The conditional conversion feature of the Notes, if triggered, may adversely affect our financial condition and operating results.
In the event the conditional conversion feature of the Notes is triggered, holders of the Notes will be entitled to convert the Notes at any time during specified periods at their option. If one or more holders elect to convert their Notes, unless we elect to satisfy our conversion obligation by delivering solely shares of our Class A common stock (other than paying cash in lieu of delivering any fractional share), we would be required to settle a portion or all of our conversion obligation through the payment of cash, which could adversely affect our liquidity. In addition, even if holders do not elect to convert their Notes, we could be required under applicable accounting rules to reclassify all or a portion of the outstanding principal of the Notes as a current rather than long-term liability, which would result in a material reduction of our net working capital.
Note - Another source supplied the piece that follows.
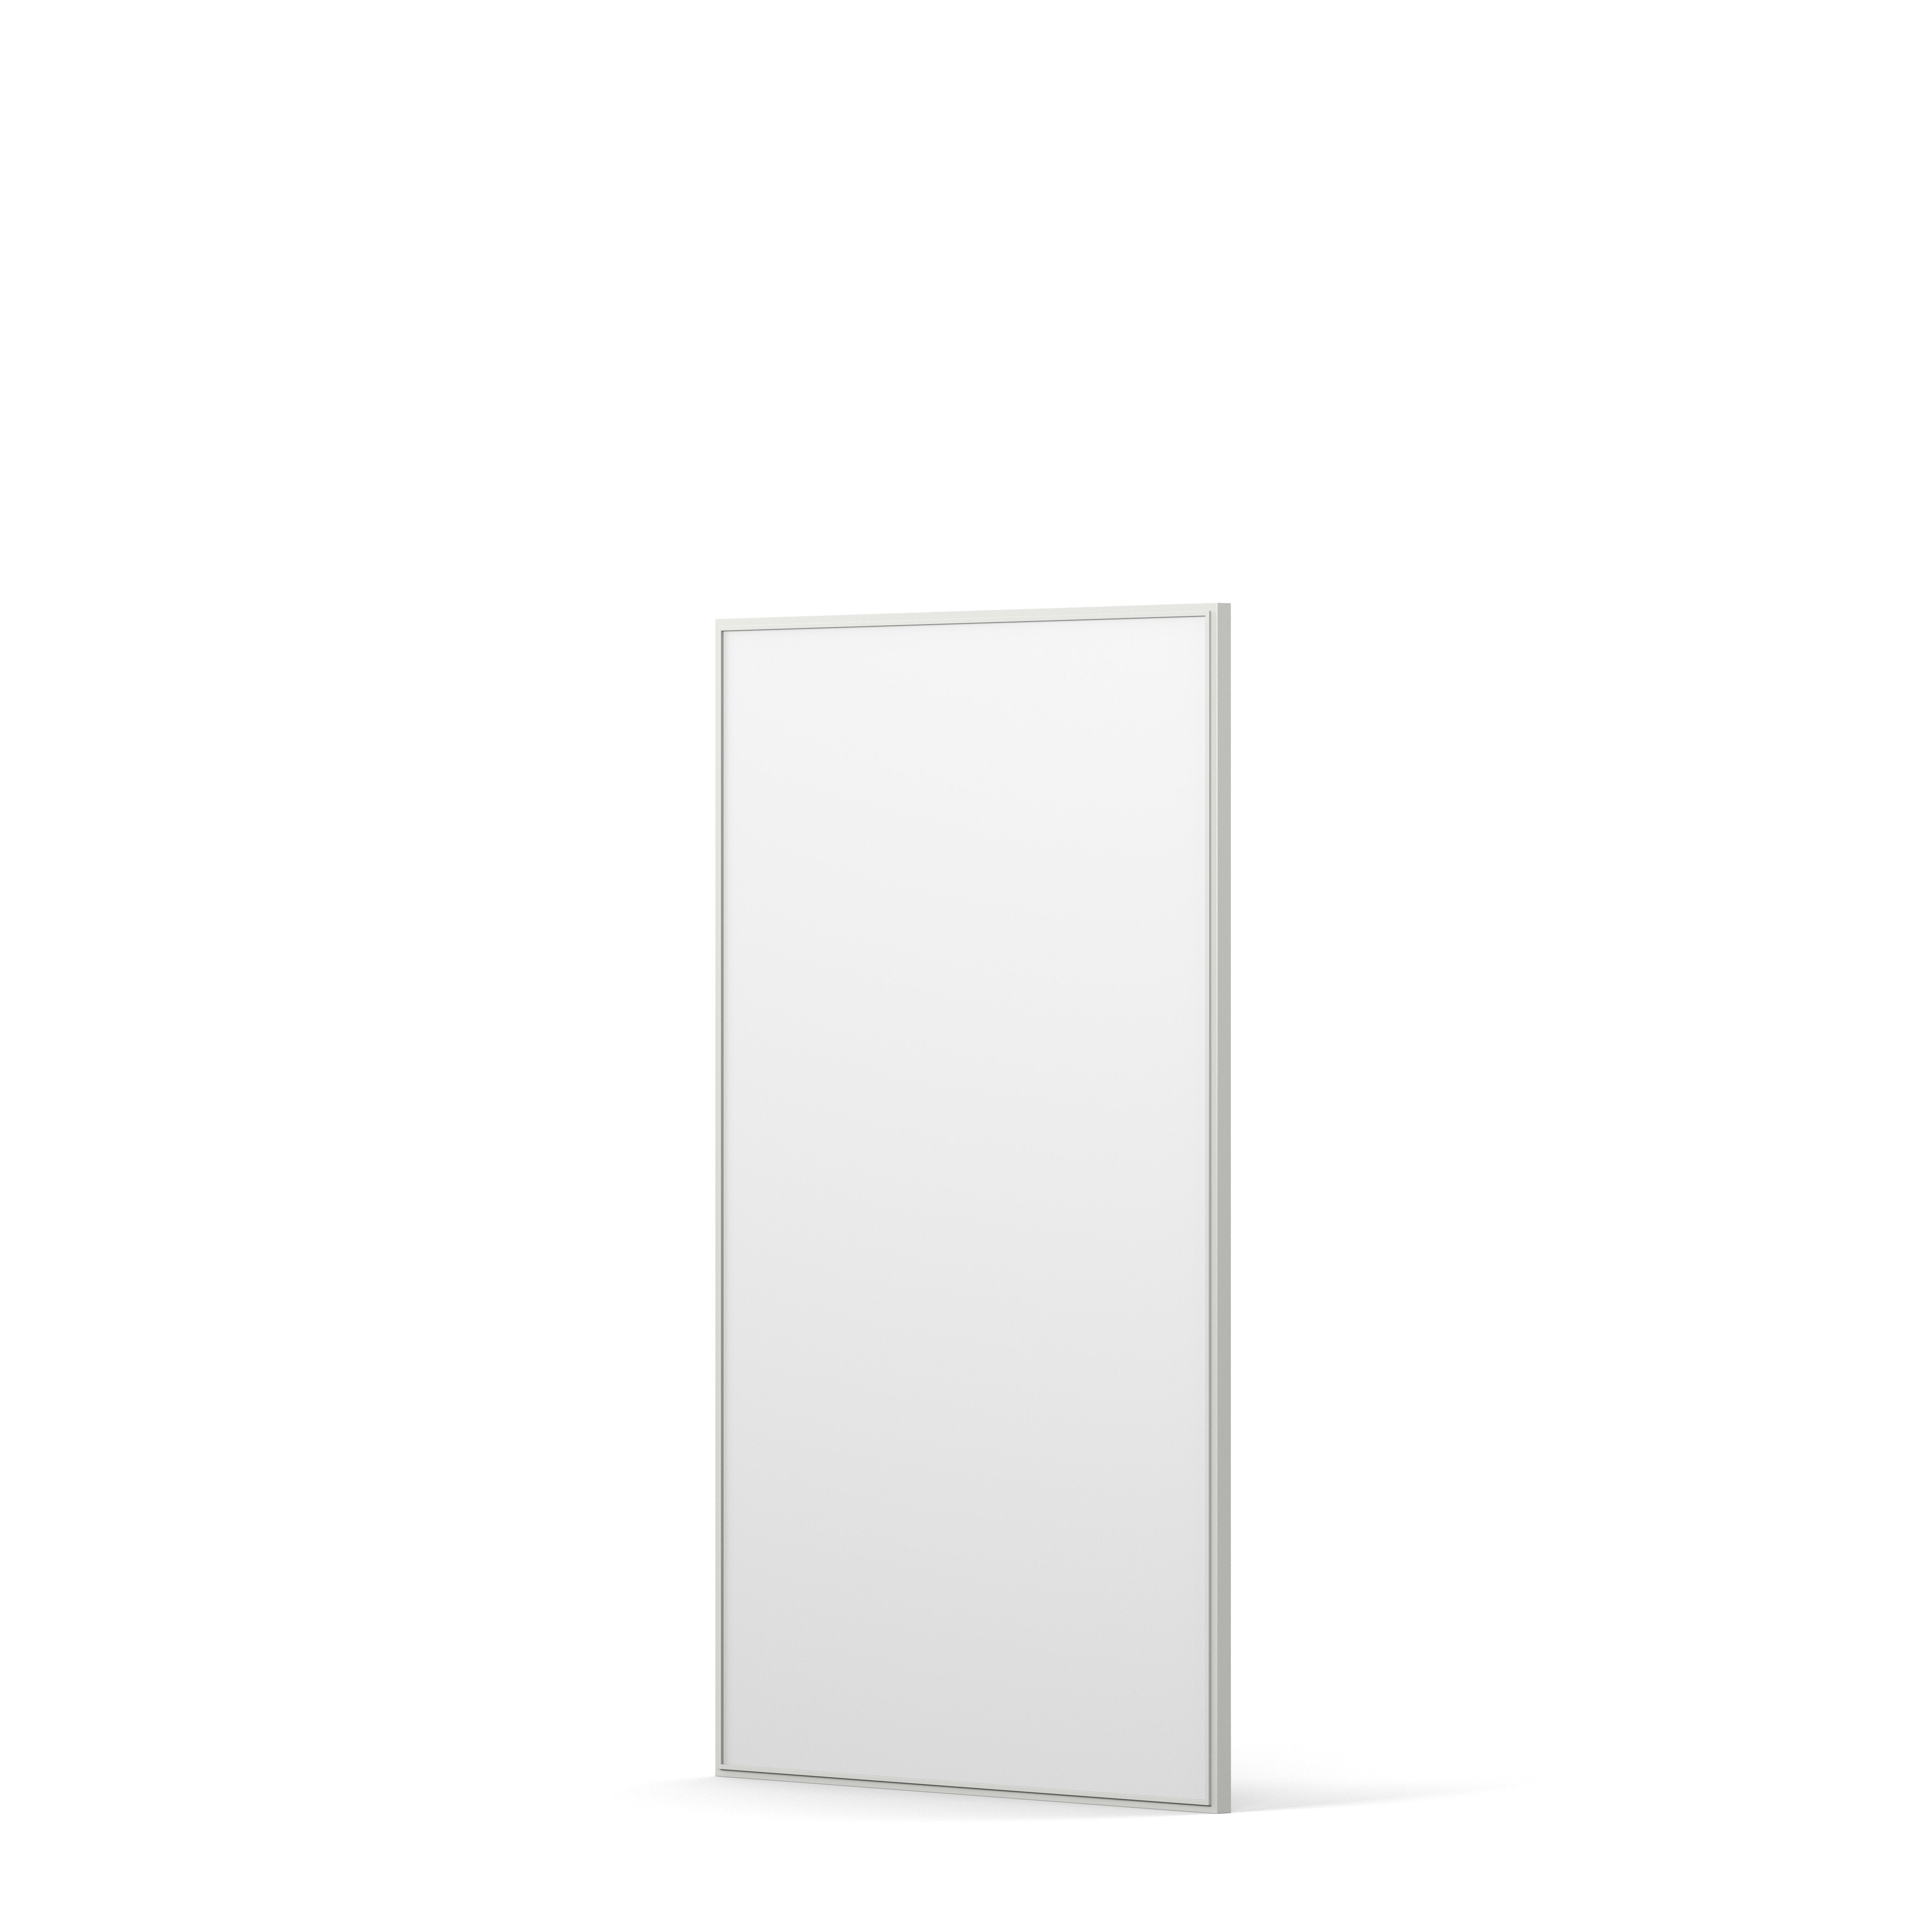 Englesson Cube Spegel Rektangulär #färg_Edge White

Transactions relating to the Notes may affect the value of our Class A common stock.
The conversion of some or all of the Notes would dilute the ownership interests of our existing stockholders to the extent we satisfy our conversion obligation by delivering shares of our Class A common stock upon any conversion of such Notes. The Notes may become in the future convertible at the option of their holders under certain circumstances. If holders of the Notes elect to convert their Notes, we may settle our conversion obligation by delivering to them a significant number of shares of our Class A common stock, which would cause dilution to our existing stockholders.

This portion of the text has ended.